*DATASET EXCERPT*.

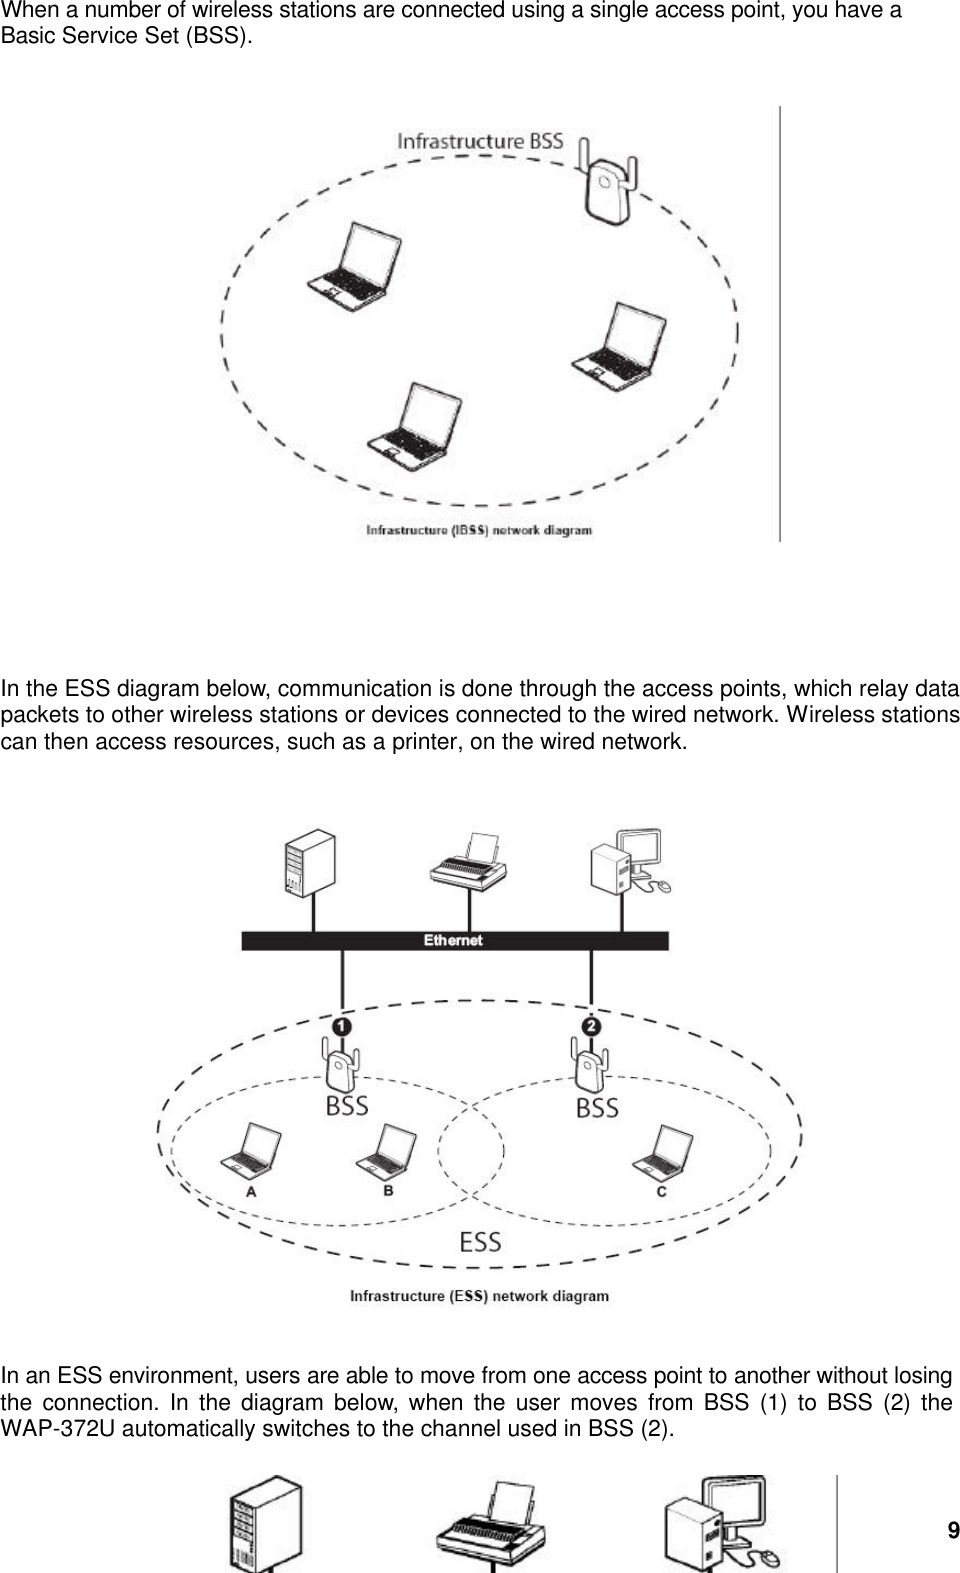 9 When a number of wireless stations are connected using a single access point, you have a Basic Service Set (BSS).         In the ESS diagram below, communication is done through the access points, which relay data packets to other wireless stations or devices connected to the wired network. Wireless stations can then access resources, such as a printer, on the wired network.     In an ESS environment, users are able to move from one access point to another without losing the connection. In the diagram below, when the user moves from BSS (1) to BSS (2) the WAP-372U automatically switches to the channel used in BSS (2).  
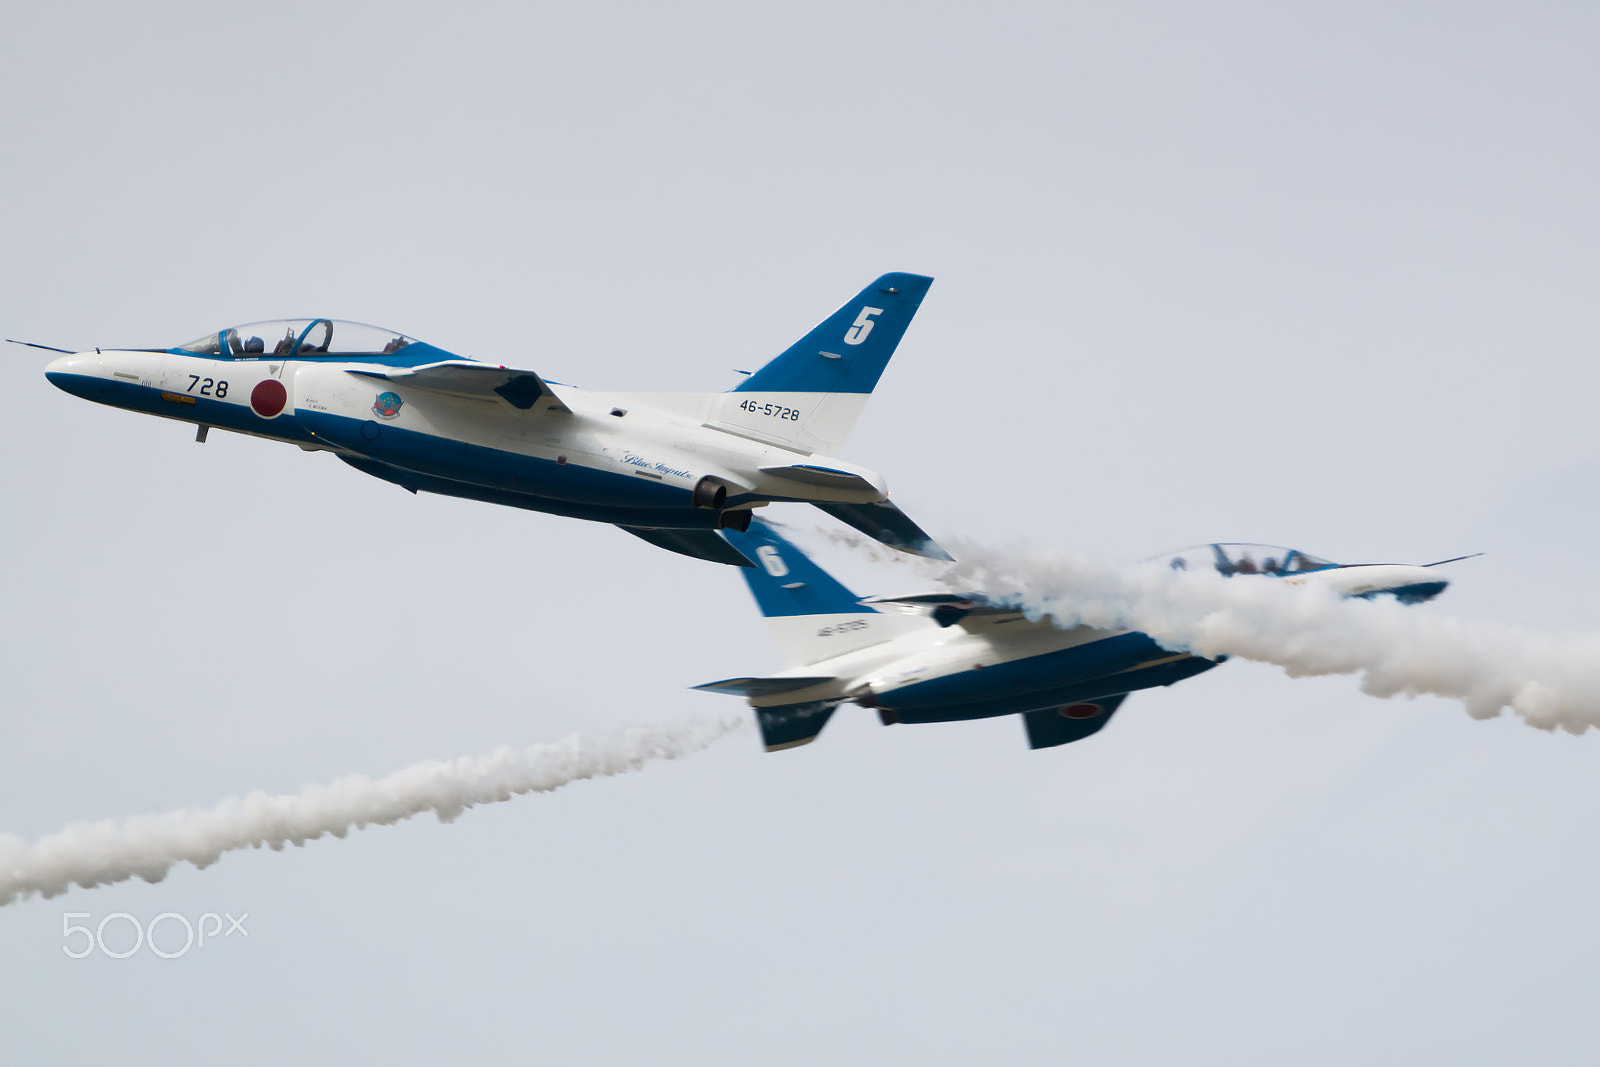 Sony SLT-A57 + Tamron SP 150-600mm F5-6.3 Di VC USD sample photo. Demonstration flights of blue impulse photography
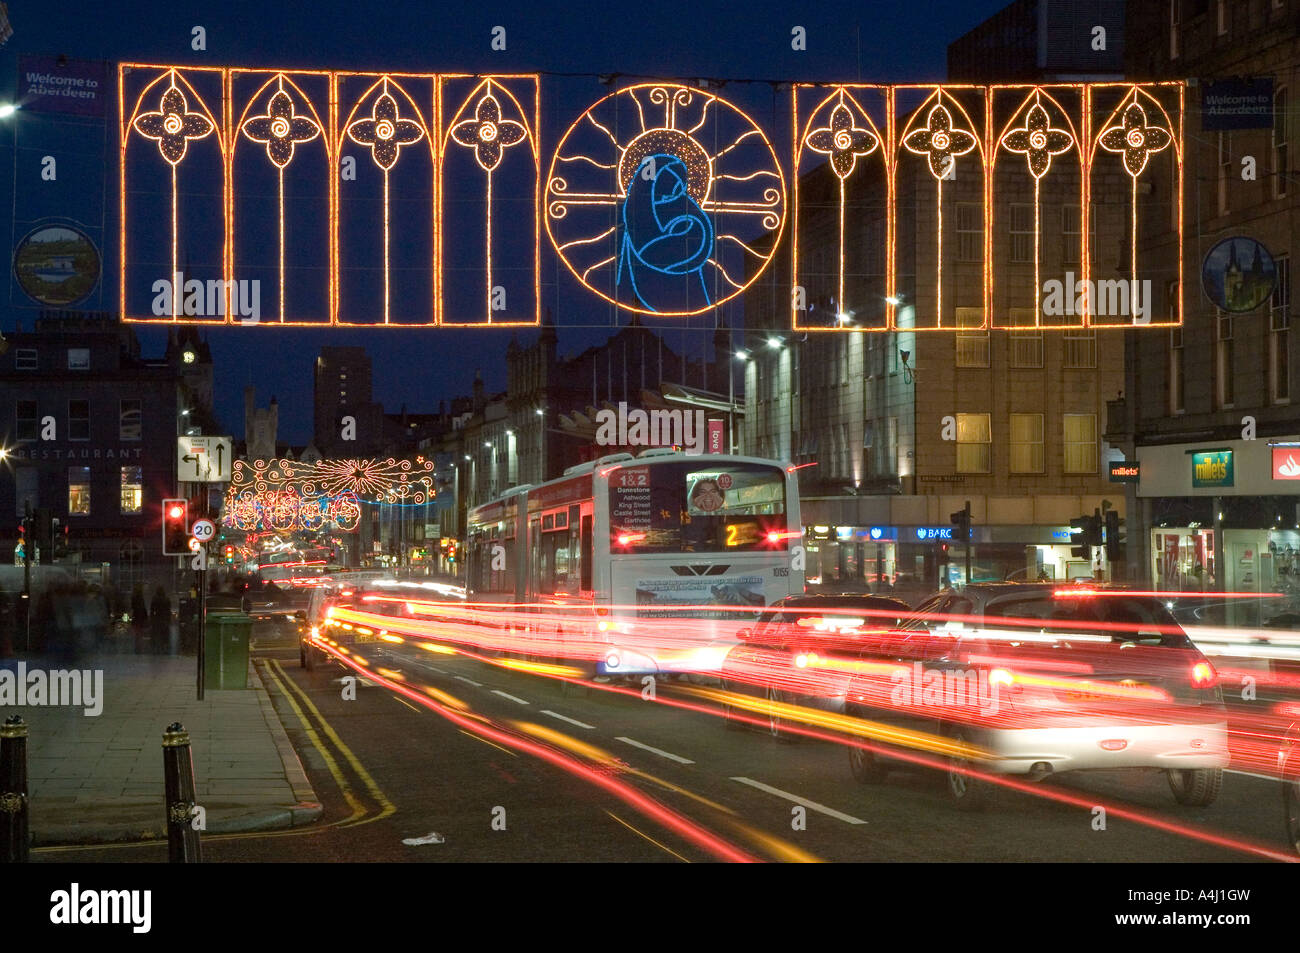 City centre roads, traffic trails, businesses and Christmas lights decorations in Aberdeen, Scotland, UK Stock Photo
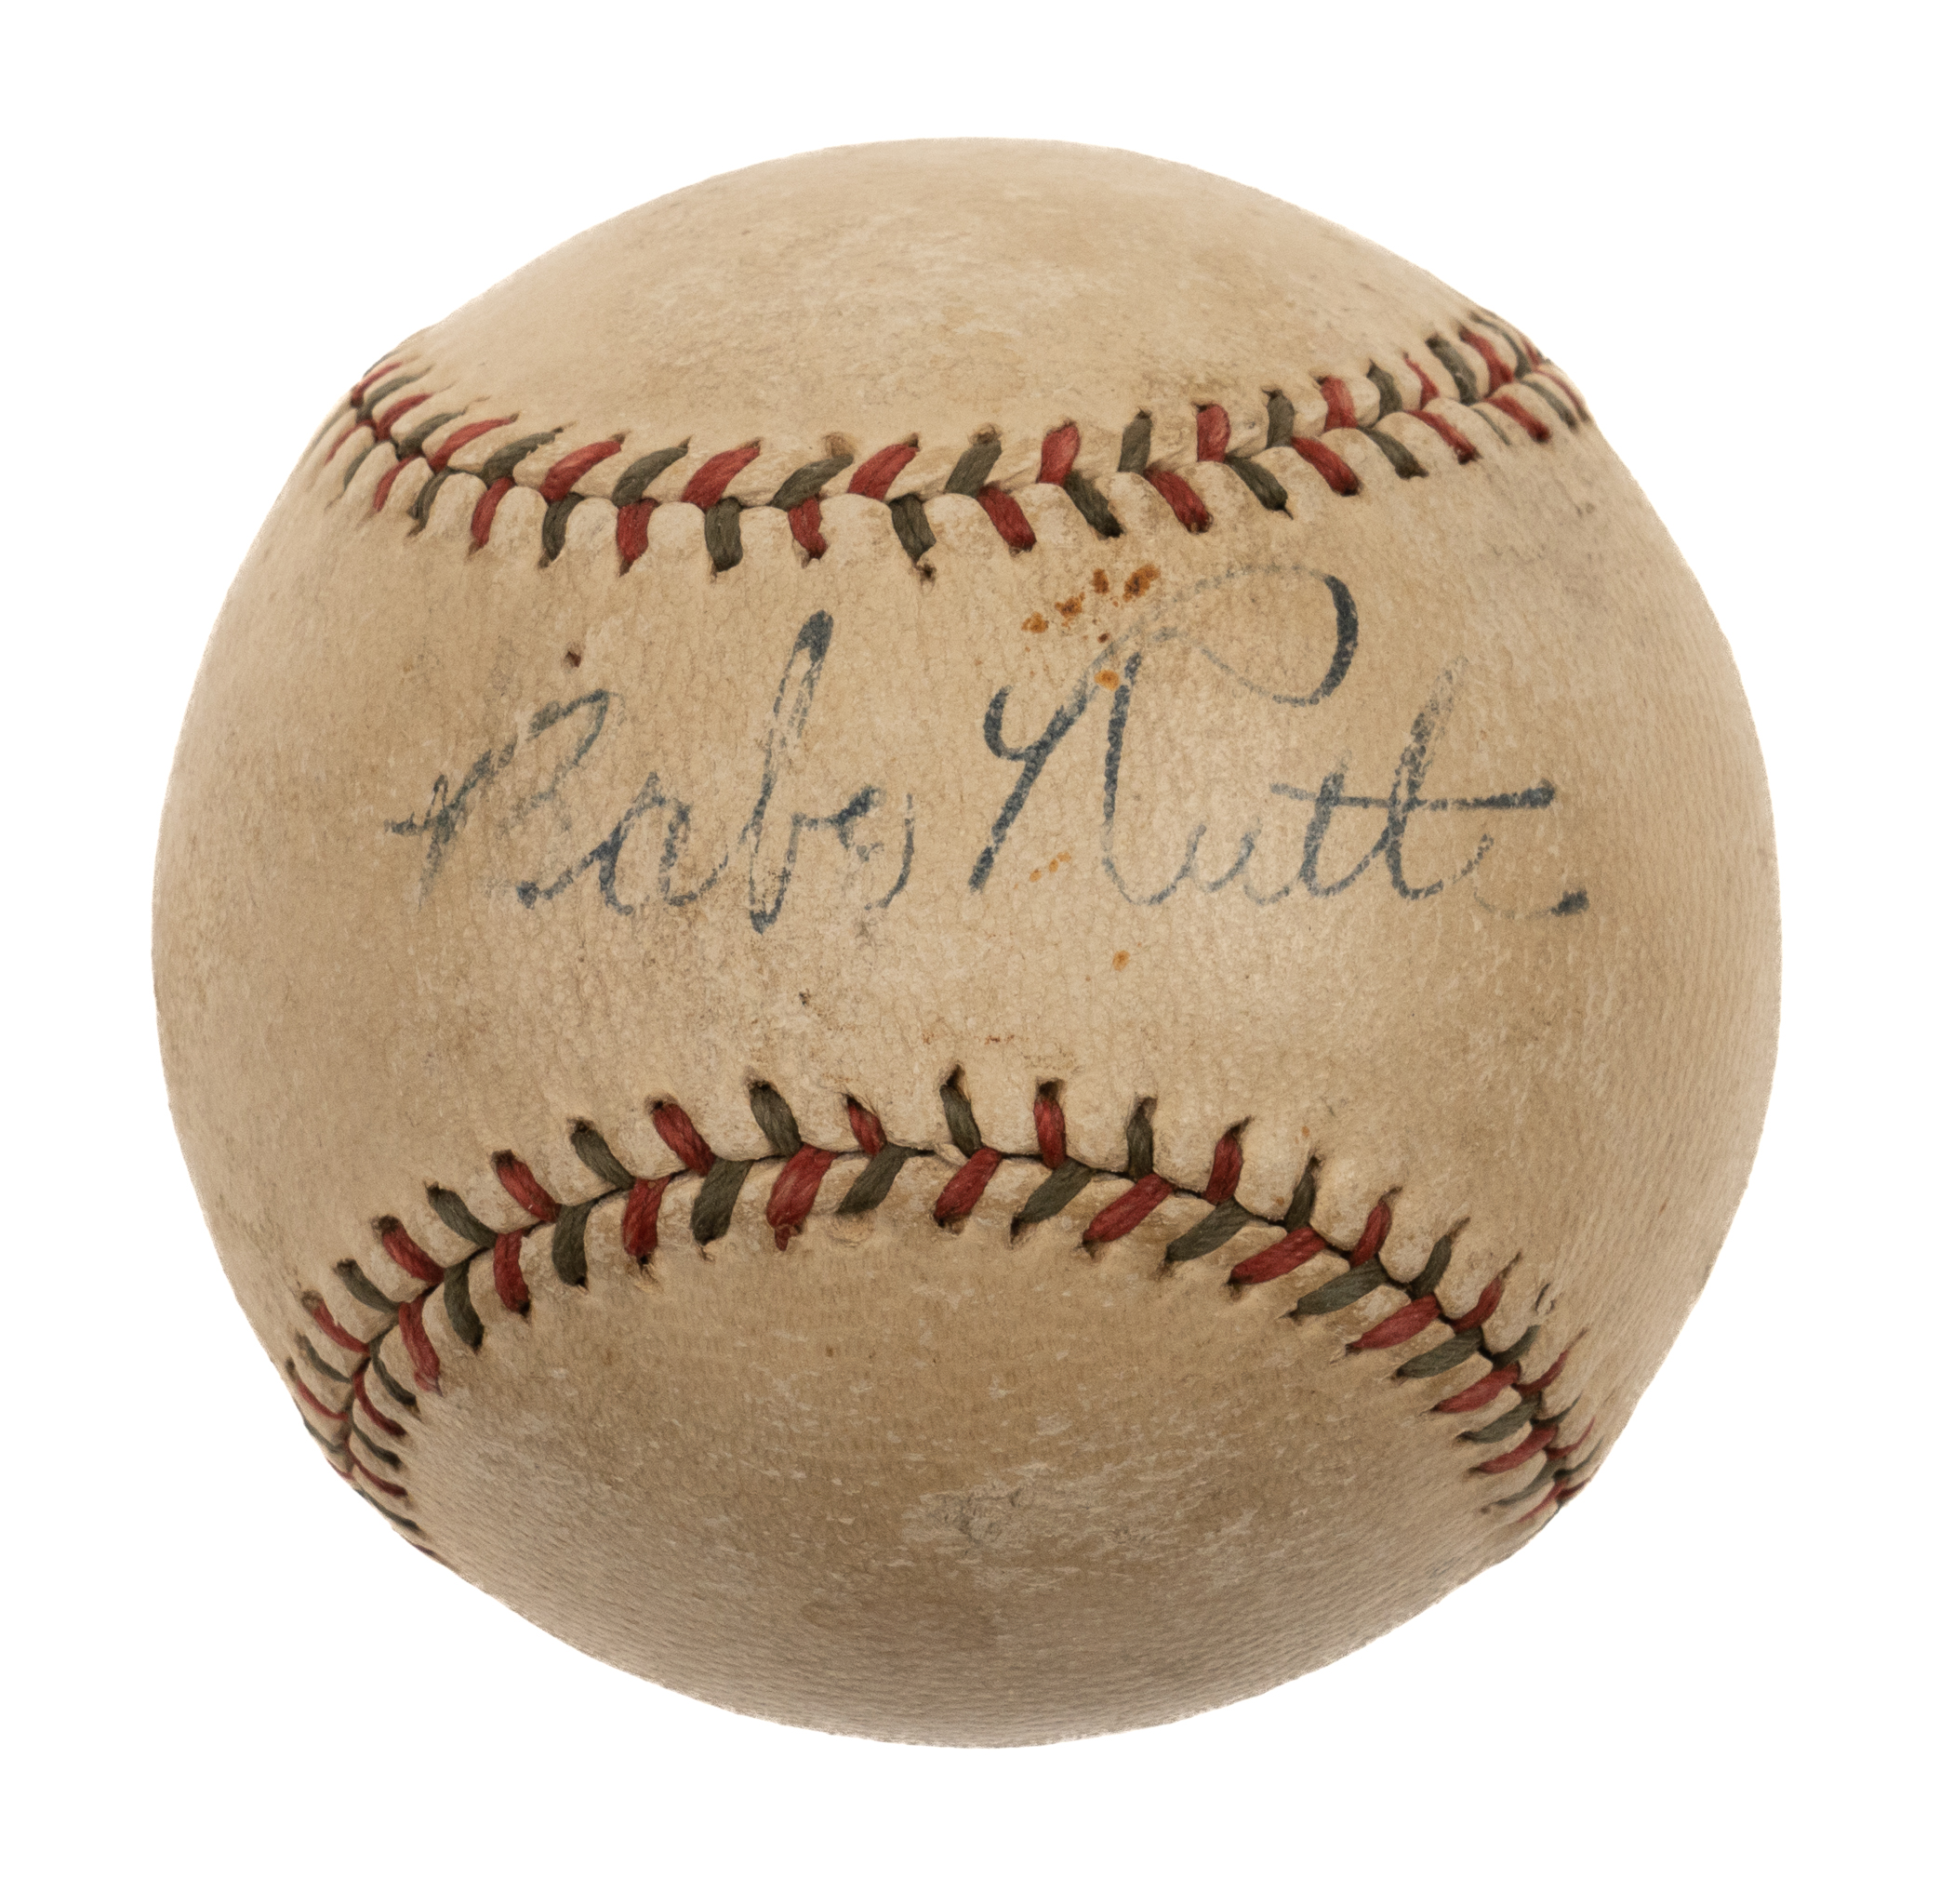 Babe Ruth single-signed baseball from the 1930s

*WHAT IS EXPECTED*.
From the first line to the last, retype the material exactly and exclude the pictures.

*RESPONSE TO THIS TASK*.
 9 When a number of wireless stations are connected using a single access point, you have a Basic Service Set (BSS).         In the ESS diagram below, communication is done through the access points, which relay data packets to other wireless stations or devices connected to the wired network. Wireless stations can then access resources, such as a printer, on the wired network.     In an ESS environment, users are able to move from one access point to another without losing the connection. In the diagram below, when the user moves from BSS (1) to BSS (2) the WAP-372U automatically switches to the channel used in BSS (2).  
 Sony SLT-A57 + Tamron SP 150-600mm F5-6.3 Di VC USD sample photo. Demonstration flights of blue impulse photography
 City centre roads, traffic trails, businesses and Christmas lights decorations in Aberdeen, Scotland, UK Stock Photo
 Babe Ruth single-signed baseball from the 1930s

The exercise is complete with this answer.